まず自動車会社がたくさんある。次に車種がきわめて多い。さらに色やシートの形状から内装のこまごましたことまで、すべて決めるシステムになっていることに驚いた。店頭に並んでいるこの新車が気に入った、これを買います、という安直な選択は許されないようである。車好きの人であれば至福の時間なのであろうが、車は移動手段であって、人生の目的ではないと思っている私にとっては、とてもその選択肢を熟慮する気になれず、第一そのような時間もない。販売店の店員はとても熱心に車種を選び、シートはどれが良いですか、エアコンのスイッチはどの形がお好みですかと丹念に選択を勧めてくれたが、結局のところ何も決まらないうちに日が暮れた。私は貴重な日曜日をつぶしてしまったと後悔した。選択肢を増やすことは消費者の好みを満たすことになると信じて努力されている企業の方々には誠に申し訳ないが、これが実感であった。

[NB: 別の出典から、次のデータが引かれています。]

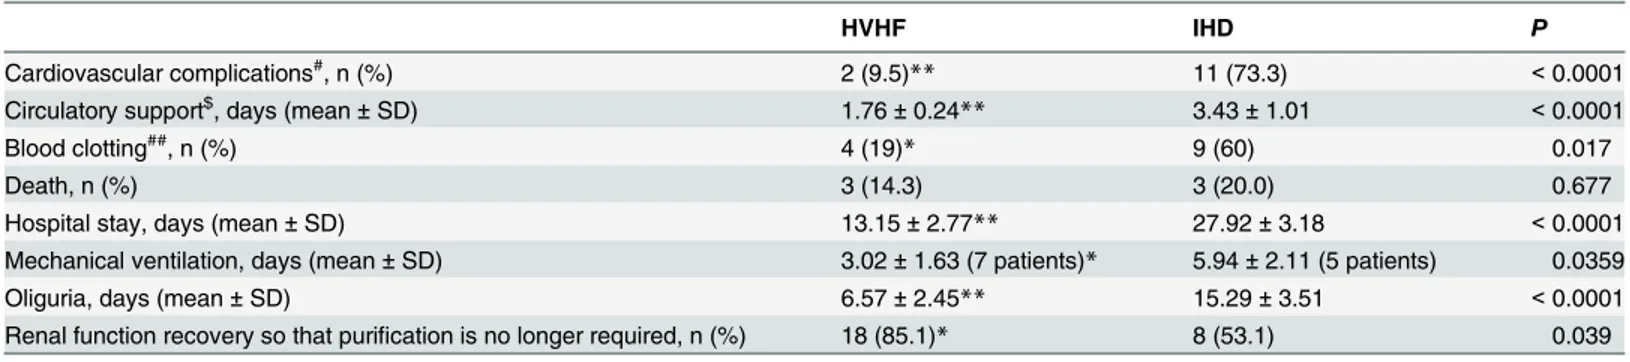 Table 4. Comparisons of clinical outcomes at hospital discharge between patients in the HVHF and IHD groups.

最近読んだ「選択の科学」(シーナ・アイエンガー)を思い出した。現代では、選択肢が多いほど良いと考えている人が多いが、彼女は必ずしもそうではないことを多くの実験で検証している。例えばある店でジャムを販売するために6種類を試食用に店頭に並べた場合と24種類を並べた場合、前者では30%の客が購入し、後者ではわずか3%しか購入しなかった。選択肢が多すぎると消費者は決定できないのだ。また米国産のイチゴジャムを買った場合でも、家に帰ってから「横に並んでいた日本産のほうが良かったかもしれない」と思い始めると、せっかく選択して購入した商品に対しても満足できないかもしれない。新車を選べなかった私と同じである。選べなかったことに対する後悔も加わるのだ。

とかく現代は選択肢が多すぎる。

薬剤の数を見てもそうであろう。降圧薬、糖尿病治療薬、骨粗鬆治療薬などをはじめ、多くの分野でとても多くの種類の同種同効薬が市場に溢れている。前出の「選択の科学」には、人間に処理可能な情報量には限界があり、7を超えると間違いが増える、ということが書かれてあった。私が専門とする関節リウマチは、生物学的製剤が導入されて治療成績は著しく改善したが、そうなると次々と新しい薬剤が開発され、現在は7つになった。7種類の異なる生物学的製剤をどのようにして選択するのか、どのように各々の薬剤の特性を理解するのか戸惑いが大きい。今後さらに選択肢が増えれば、すべての薬剤を理解して患者に使うことは困難になる。「この薬剤を使う」という選択ではなく、「この薬剤は使わない」という後ろ向きの選択が必要になるであろう。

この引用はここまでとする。